(Information provided)
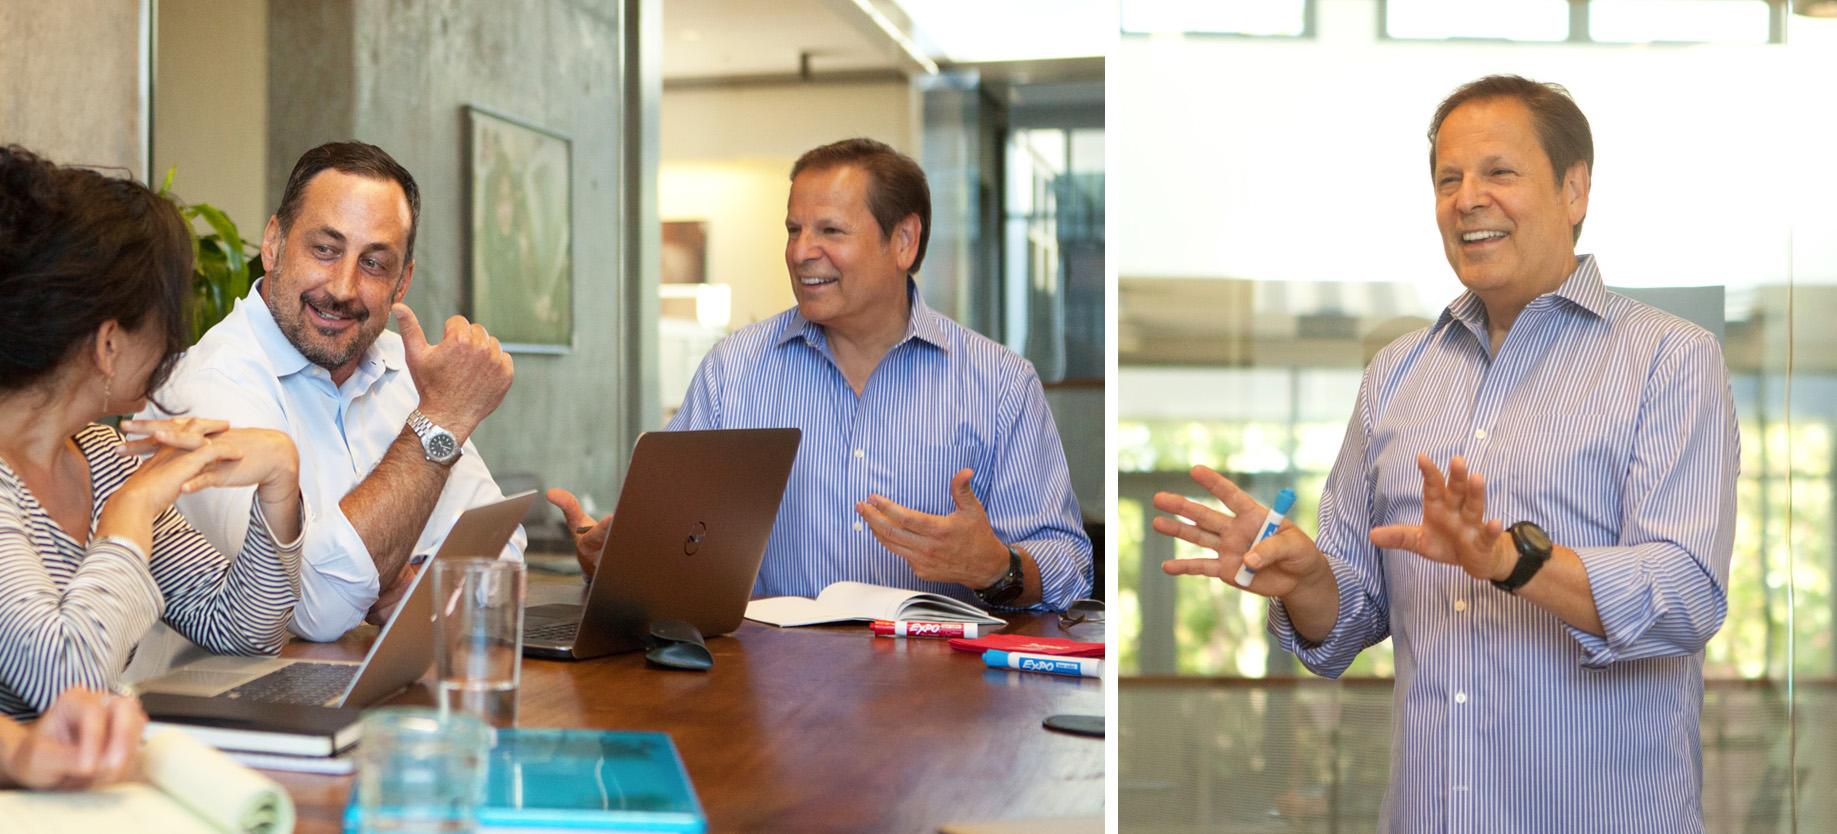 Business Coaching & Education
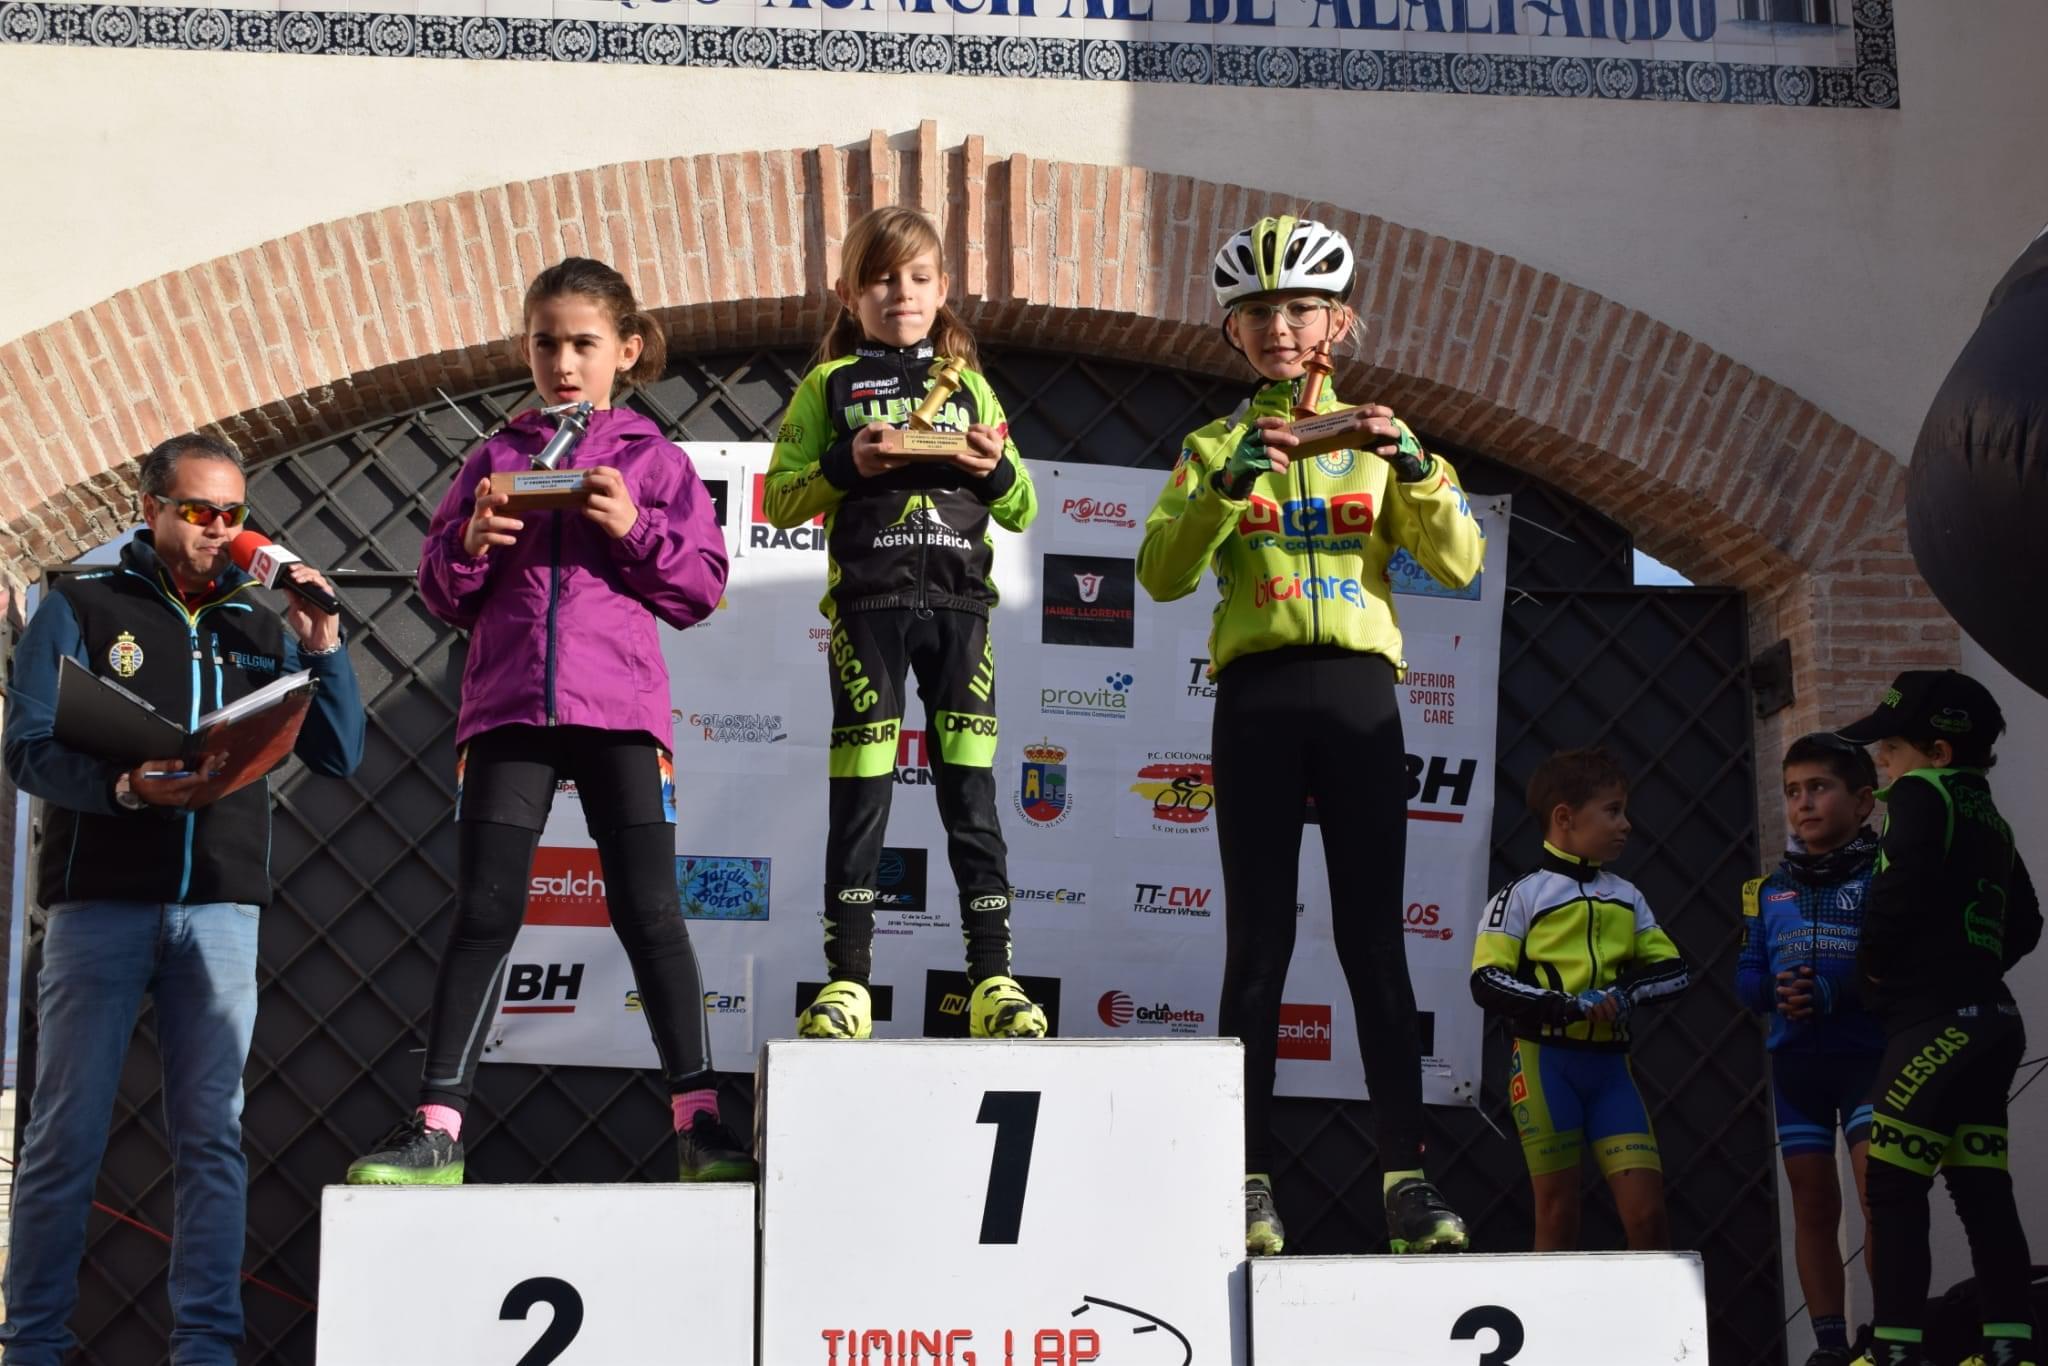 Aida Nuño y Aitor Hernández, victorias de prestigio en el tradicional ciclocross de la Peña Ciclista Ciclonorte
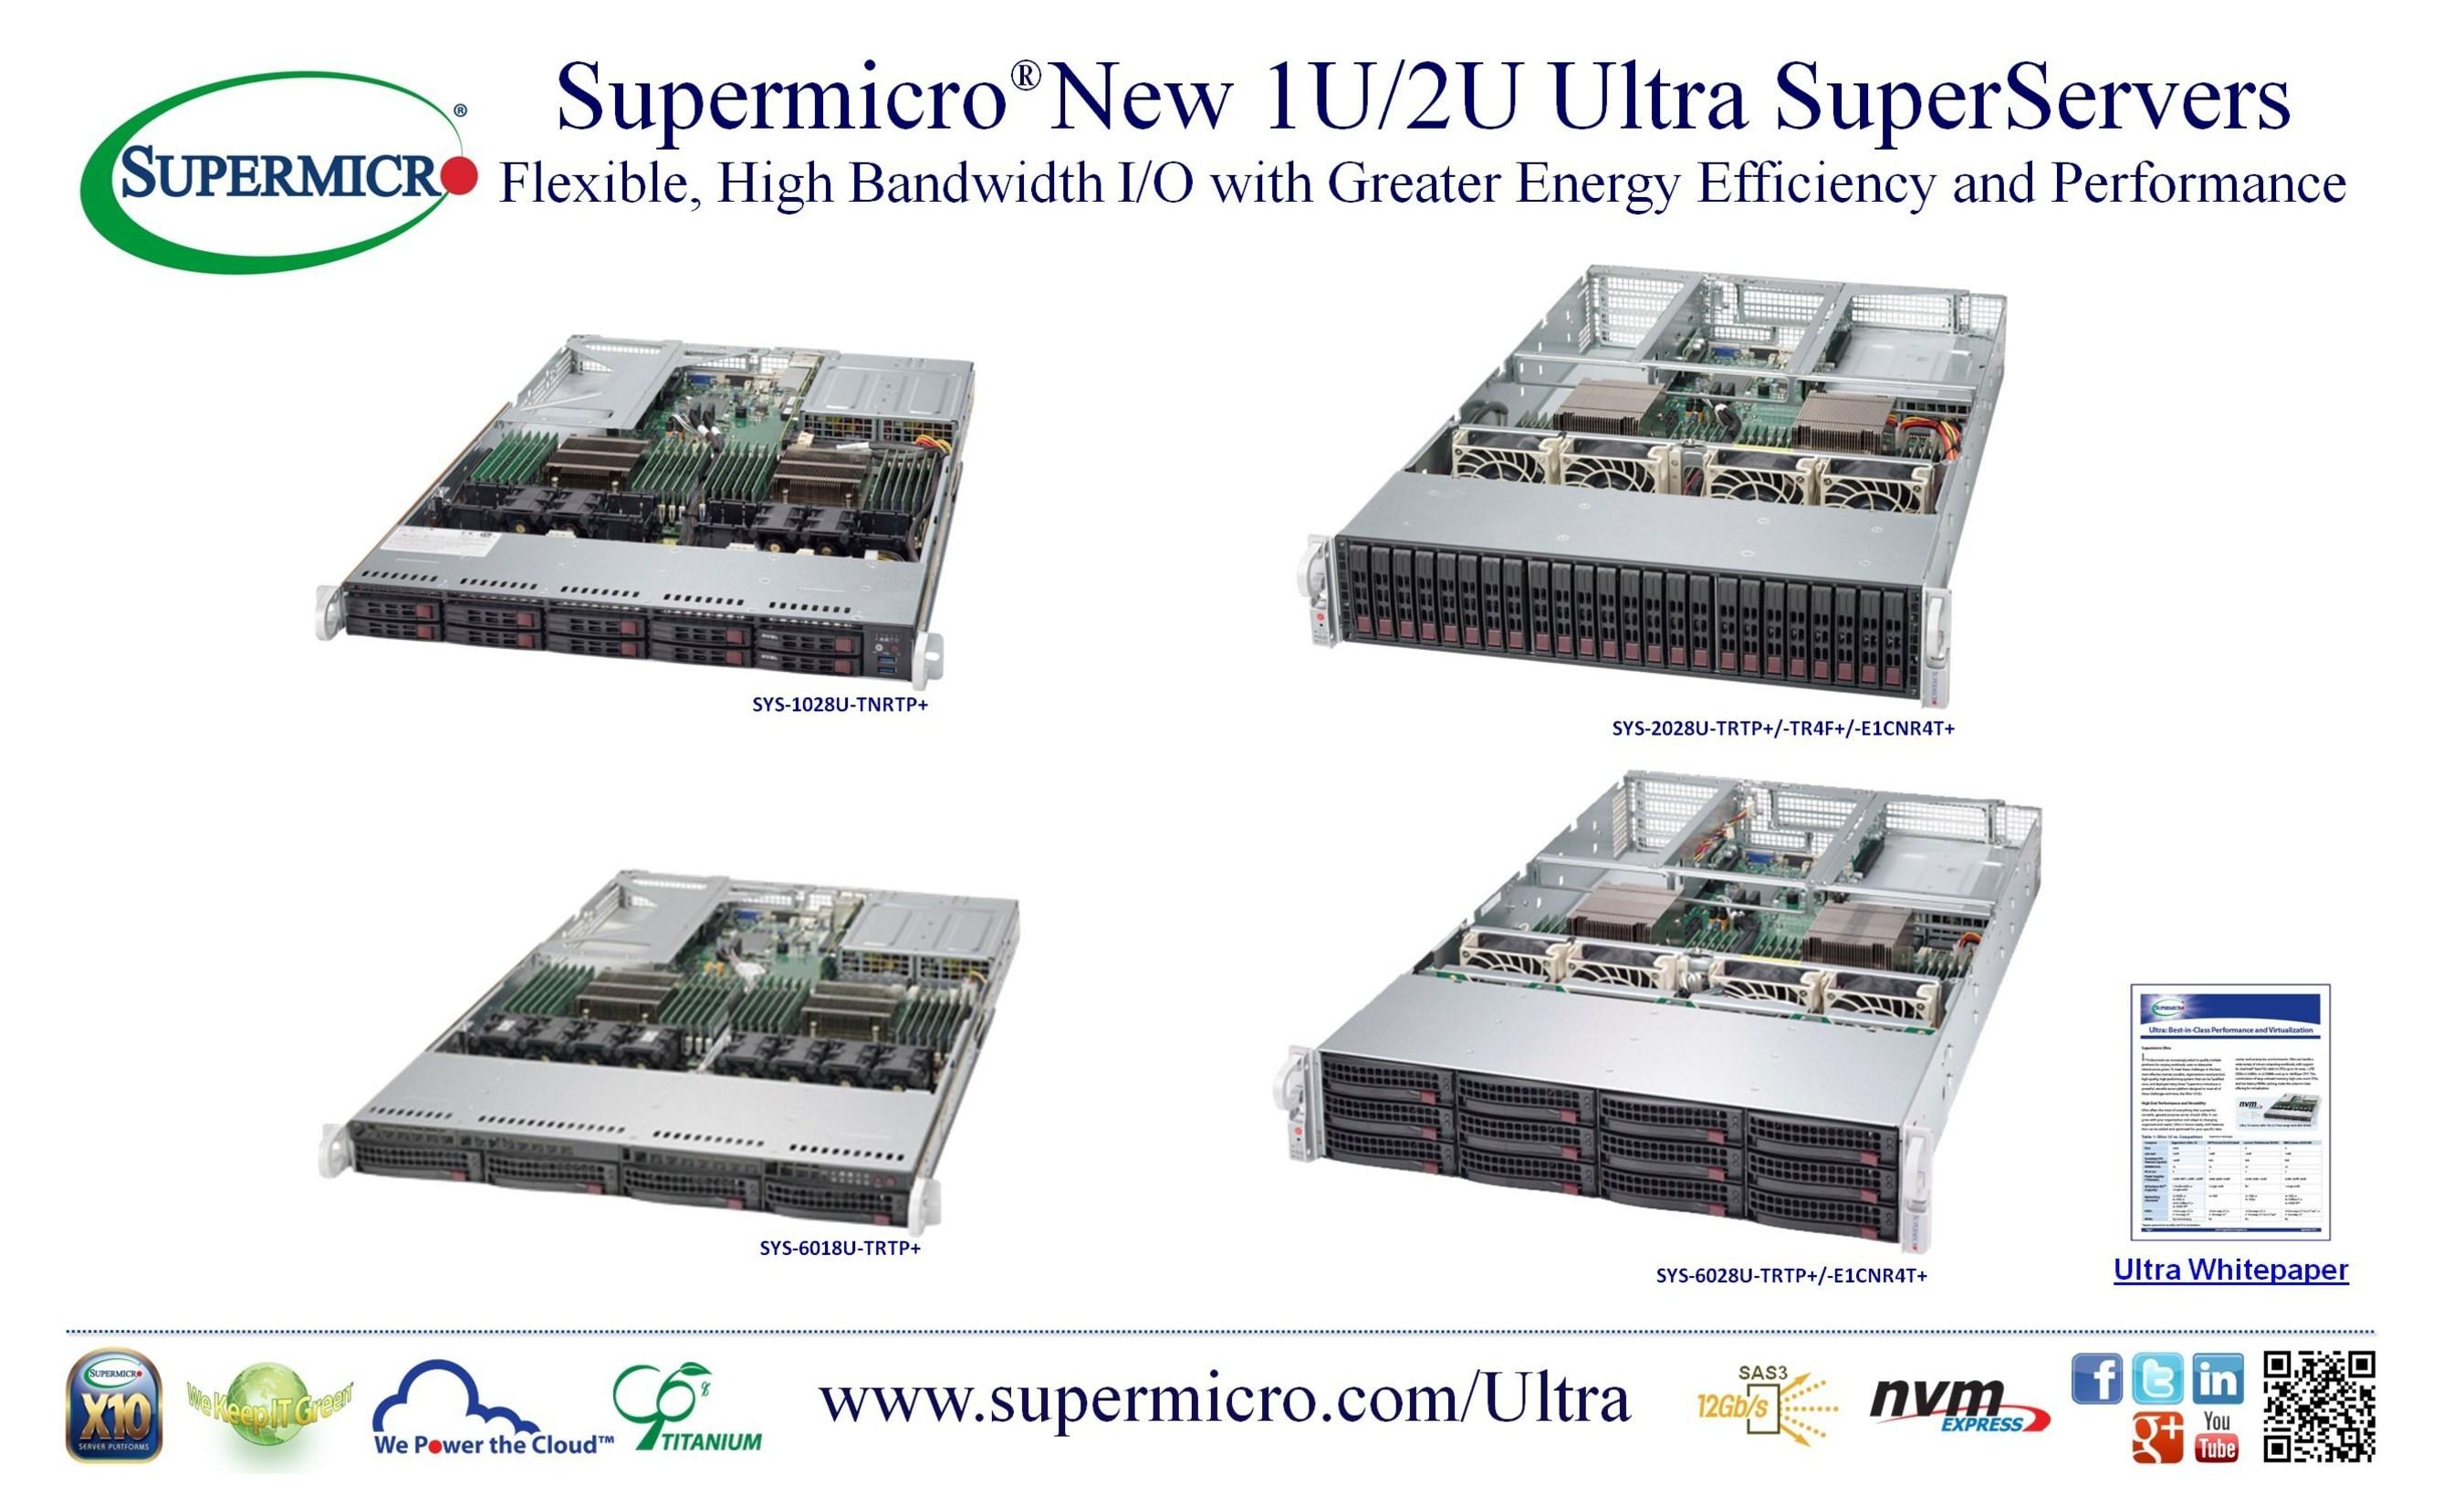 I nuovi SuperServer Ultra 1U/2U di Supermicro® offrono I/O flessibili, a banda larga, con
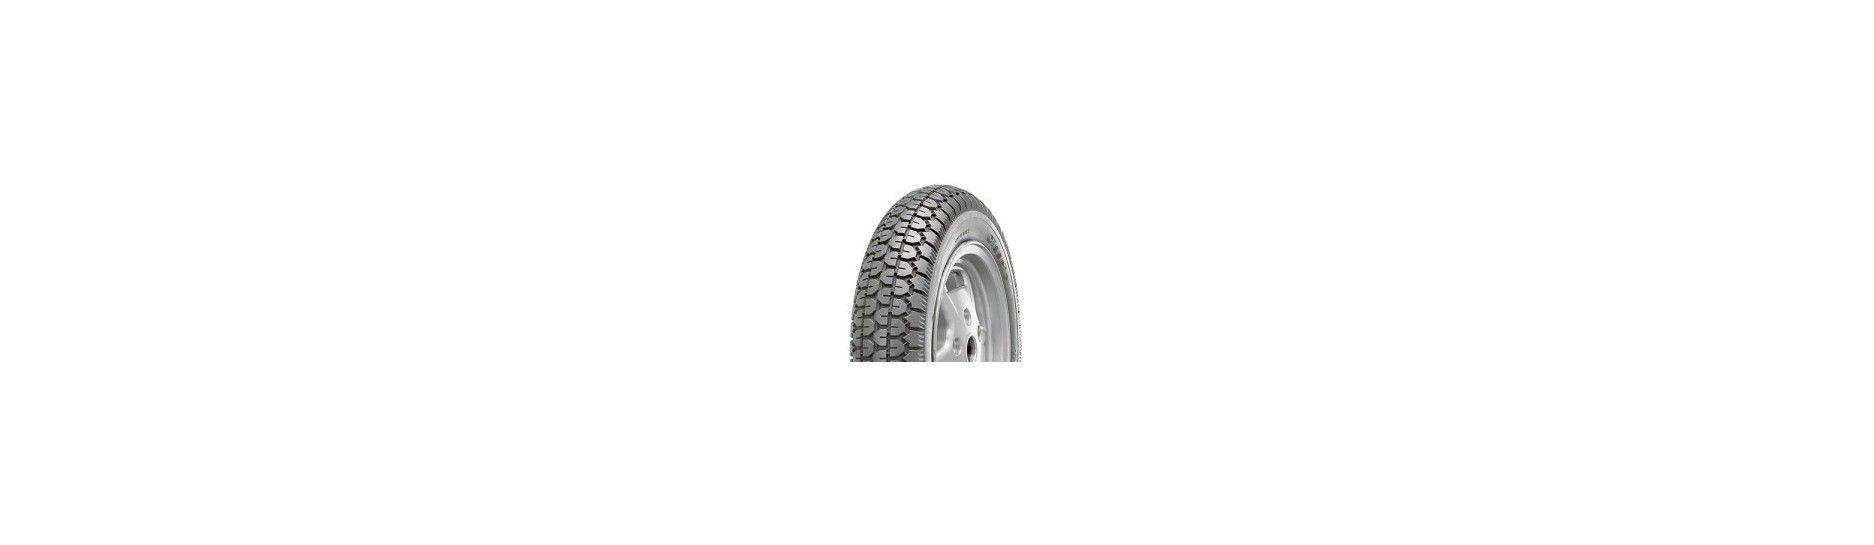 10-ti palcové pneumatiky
(End Information provided)
▶ _Exercise directions_
Excluding images, output exactly the lines from the one that holds "I nuovi SuperServer" through the final line of the material, both ends included.

▶ _Problem solution_
 I nuovi SuperServer Ultra 1U/2U di Supermicro® offrono I/O flessibili, a banda larga, con
 10-ti palcové pneumatiky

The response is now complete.